60 years after March on Washington, Georgetown panel says MLK's dream yet unfulfilled
WASHINGTON (OSV News) -- Sixty years after the March on Washington, there is still work to be done to make the Rev. Dr. Martin Luther King Jr.'s dream a reality, a Georgetown University panel said Aug. 28.
On Aug. 28, 1963, more than 250,000 people gathered at the Lincoln Memorial for the March on Washington for Jobs and Freedom, marking a turning point in the Civil Rights Movement seeking greater racial and economic justice in the United States. Civil rights leaders including Dr. King organized the march to call for an end to segregation, and racial discrimination, and to call for protections for things like voting rights. At that event, Dr. King delivered his now-famous "I have a Dream" address, challenging America by saying, "I have a dream that one day this nation will rise up and live out the true meaning of its creed: 'We hold these truths to be self-evident, that all men are created equal.'"
Kim Daniels, director of Georgetown's Initiative on Catholic Social Thought and Public Life and an adjunct professor in the Jesuit university's department of theology and religious studies, noted that then-Washington Archbishop Patrick O'Boyle delivered the invocation at that event. The archbishop encouraged Catholics to participate and to host participants who traveled in from out of town.
"He called on everybody to live in dignity, justice, charity and peace," Daniels said. "We know it's just as vital today as it was 60 years ago. It can also be just as heart-wrenching."
Among the panelists at the event was Sister Anita Baird, the U.S. provincial for her order, the Religious Congregation of the Society of the Daughters of the Heart of Mary, who was the founding director of the Archdiocese of Chicago's Office for Racial Justice and is a past president of the National Black Sisters' Conference.
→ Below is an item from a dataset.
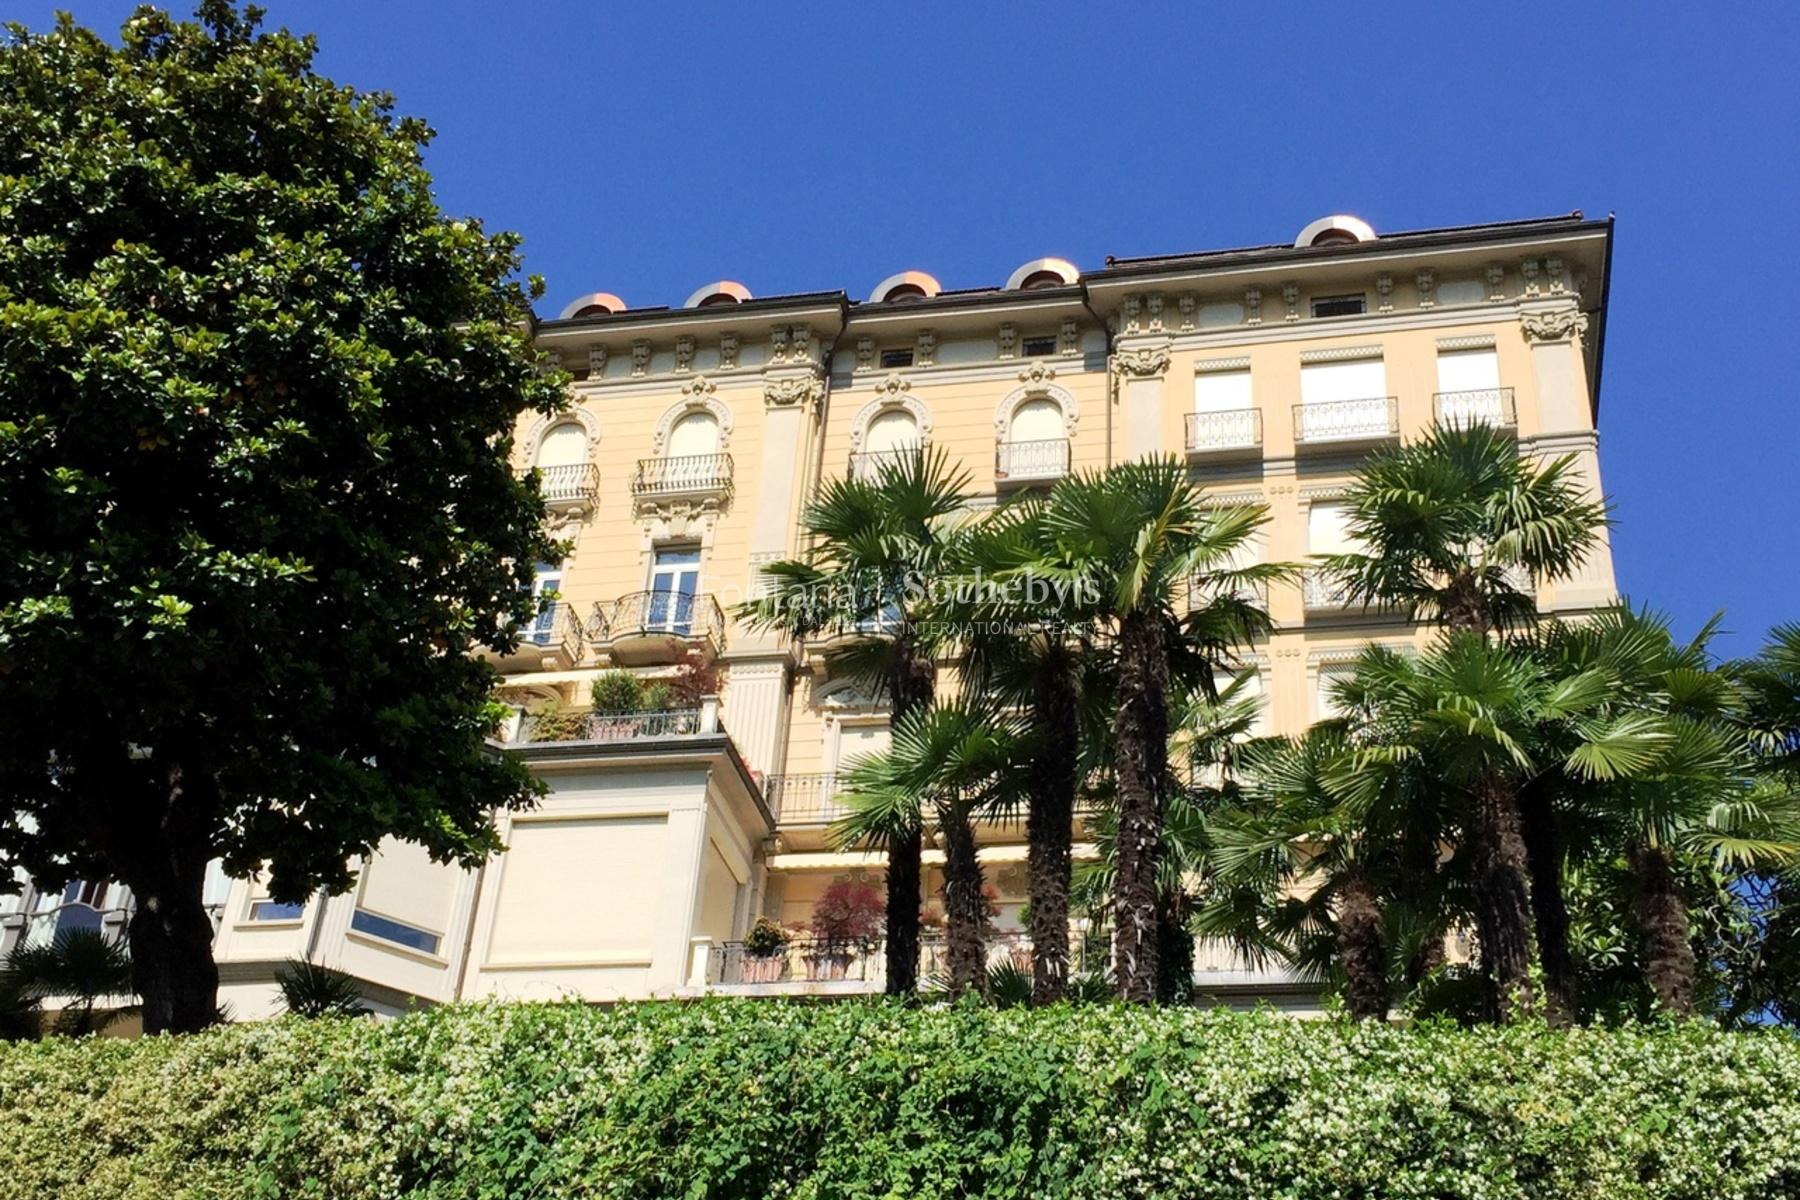 Apartment for Sale at Prestigious duplex penthouse Lugano Lugano, Ticino, 6900 Switzerland

Also on the panel were Marc Morial, president and CEO of the National Urban League, one of the original sponsors of the March on Washington 60 years ago and a former mayor of New Orleans; Andrew Prevot, holder of the Amaturo Chair in Catholic Studies and a professor of theology at Georgetown University and co-editor of the book "Anti-Blackness and Christian Ethics"; and Lauren Reliford, political director at Sojourners, a Christian organization committed to advocacy for social justice.
John Carr, the event's moderator and the Initiative's founder, recognized those in attendance who went to the march, saying "they came together and against all odds they changed the nation."
Carr said Catholics and all Americans should "think about what the march meant and what it calls us to do now."
"Black unemployment: Black people were twice as likely to be jobless 60 years ago -- still the case. Black poverty was twice what it was for whites -- still the case," Carr said, adding, "Some things have changed and some have not."
Morial said the recent racist killing of three Black Americans by a white gunman in Jacksonville, Florida, was a "stark reminder that racially motivated hate and violence is too common in America today."
"Whether it was Jacksonville or Buffalo, the Tree of Life Synagogue in Pittsburgh, Mother Emanuel Church, I could continue to go on. How can violence be such a weapon so common to affect our fellow citizens?" he asked.
Social justice is a primary tenant of the Catholic faith, Morial added.
"I appeal to those of you who are of the Catholic faith to not allow the continued diminution of that as a fundamental principle of Catholicism in second or third place from other issues that may be very important," he said.
Sister Baird said that "we are failing as a nation" to live up to Dr. King's dream.
"We have to remain vigilant and we have to remain -- and also remain hopeful," she said, calling it a "real concern" that faith leaders need to vocally address.
"I have concern today because we are not hearing the voices about faith leaders, particularly our Catholic faith leaders," Sister Baird said. "As Dr. King said, it has to be faith. It has to be love. It has to be the Gospel that will free us from this hate."
Panelists said that while progress has been made -- including the election of the first Black U.S. president and Black vice president, former President Barack Obama and current Vice President Kamala Harris respectively -- there remains work to be done on equality. Panelists noted the March on Washington was about equality -- as well as jobs and fair wages.
Prevot urged an emphasis on Catholic social teaching and a preferential option for the poor in responding to lingering issues of racial and economic justice.
"It is true that over the last 60 years a number of Black people have made their way through a lot of hard work from poverty into the middle class," Prevot said. "But -- there is a big exception here, the middle class is shrinking and the lines between poverty and the middle class are harder to draw."
Reliford said the nation should take a "nuanced" look at its policy, citing the example of a woman with children becoming ineligible for SNAP benefits over work requirements if she chooses to attend school full time, despite that being an investment in her future earning potential. In general, recipients of SNAP, or Supplemental Nutrition Assistance Program, must work about 30 hours a week.
Reliford said in her work she seeks to remember that "my God is good."
"It's a bit of spirit and it's also just leaning into your charisms," she said. "And I highly recommend you look into charisms and what that means as a Catholic to be made to help other people."